▶ [What you are asked to do] Print exactly the line that contains "GFIT Sexy Chain", then every following line through the end of the material; include nothing else and no pictures.

▶ [Provided data]
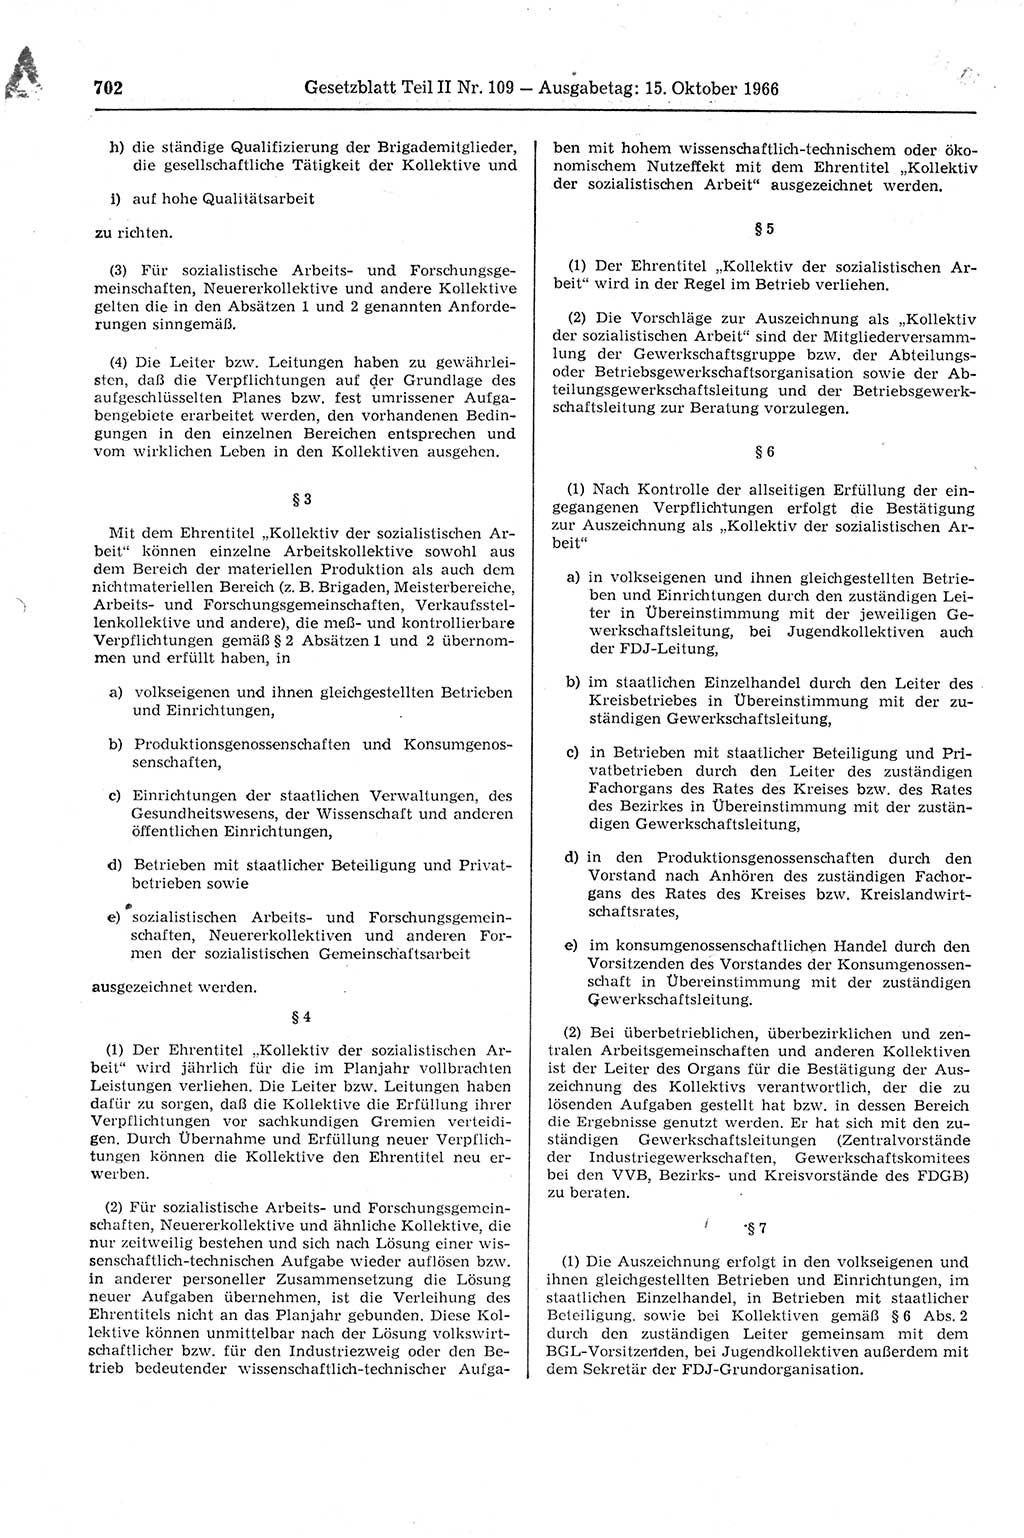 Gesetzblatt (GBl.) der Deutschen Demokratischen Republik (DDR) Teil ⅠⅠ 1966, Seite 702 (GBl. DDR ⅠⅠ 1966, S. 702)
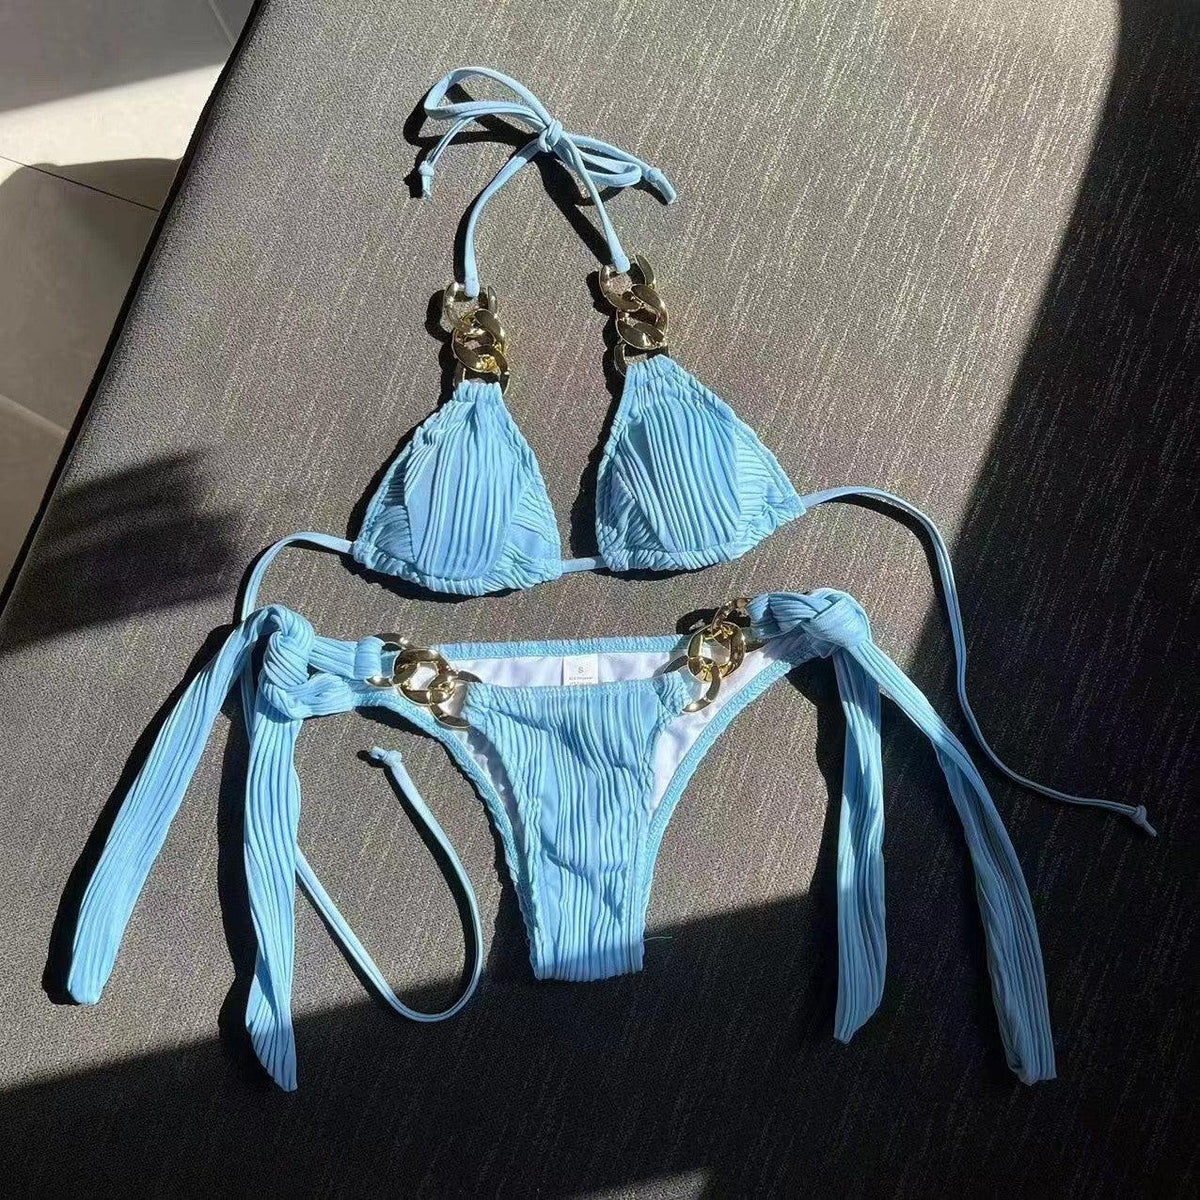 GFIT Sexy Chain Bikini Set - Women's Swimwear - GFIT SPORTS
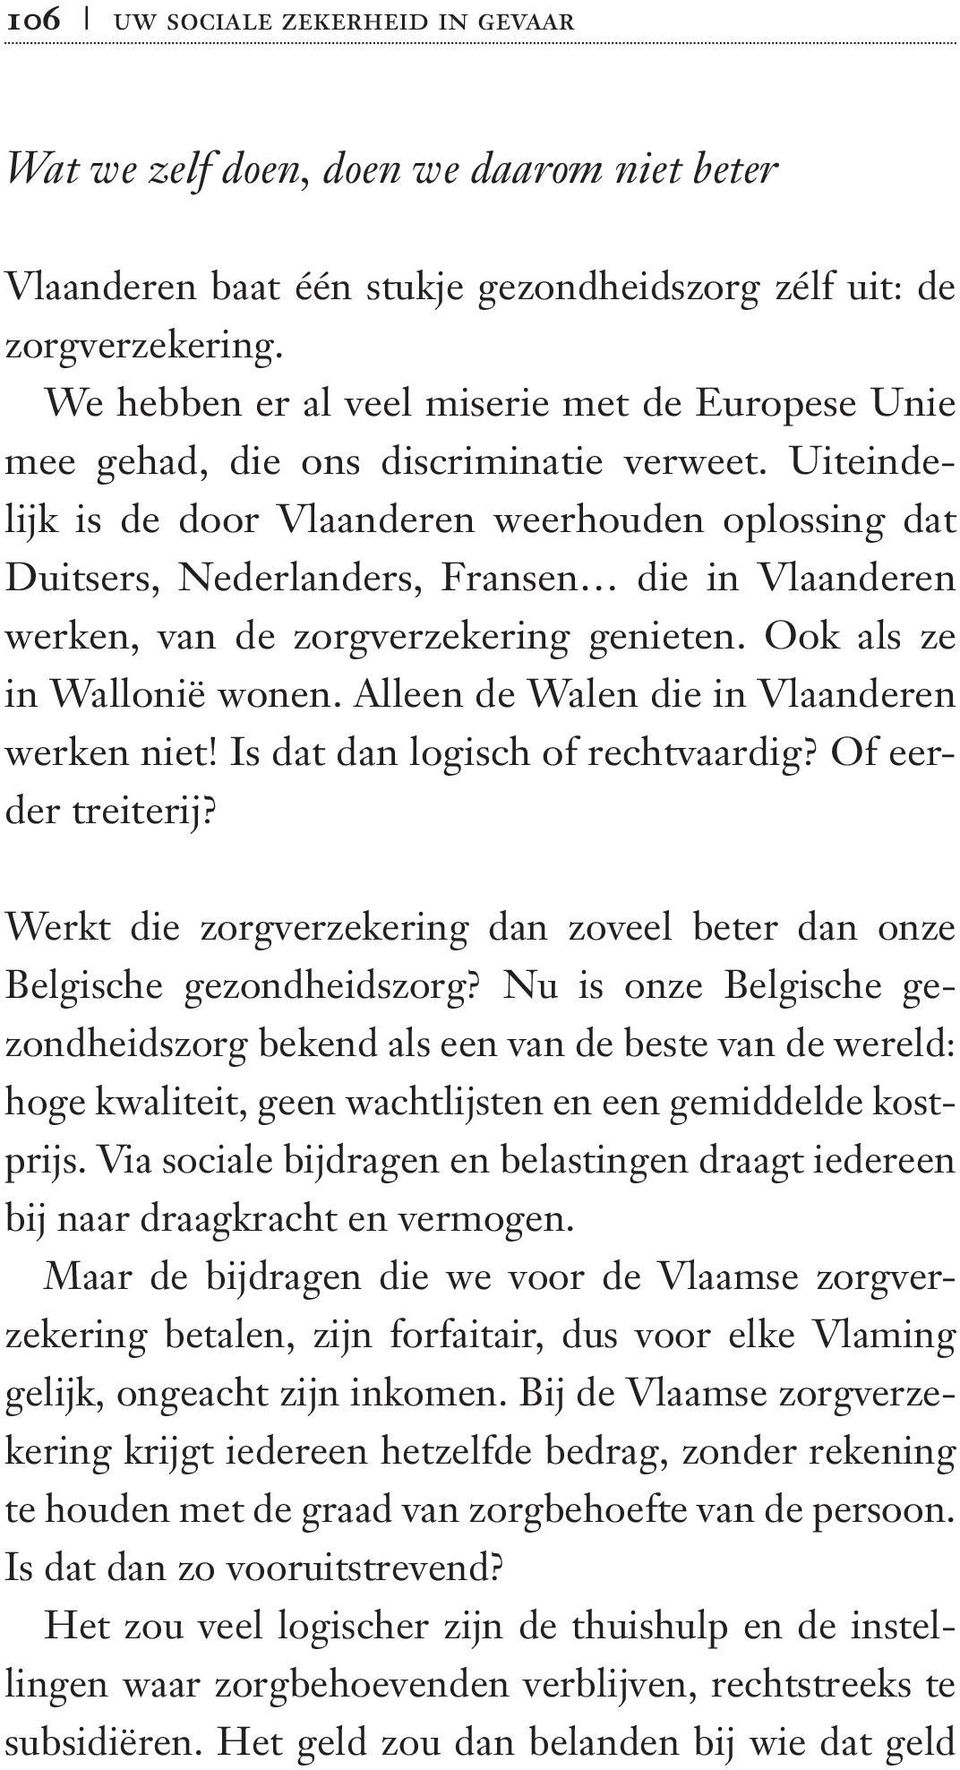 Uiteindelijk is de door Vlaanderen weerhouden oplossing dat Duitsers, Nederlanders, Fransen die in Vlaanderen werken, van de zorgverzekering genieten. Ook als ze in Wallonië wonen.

▶ [Result of the task]
 GFIT Sexy Chain Bikini Set - Women's Swimwear - GFIT SPORTS
 Uiteindelijk is de door Vlaanderen weerhouden oplossing dat Duitsers, Nederlanders, Fransen die in Vlaanderen werken, van de zorgverzekering genieten. Ook als ze in Wallonië wonen.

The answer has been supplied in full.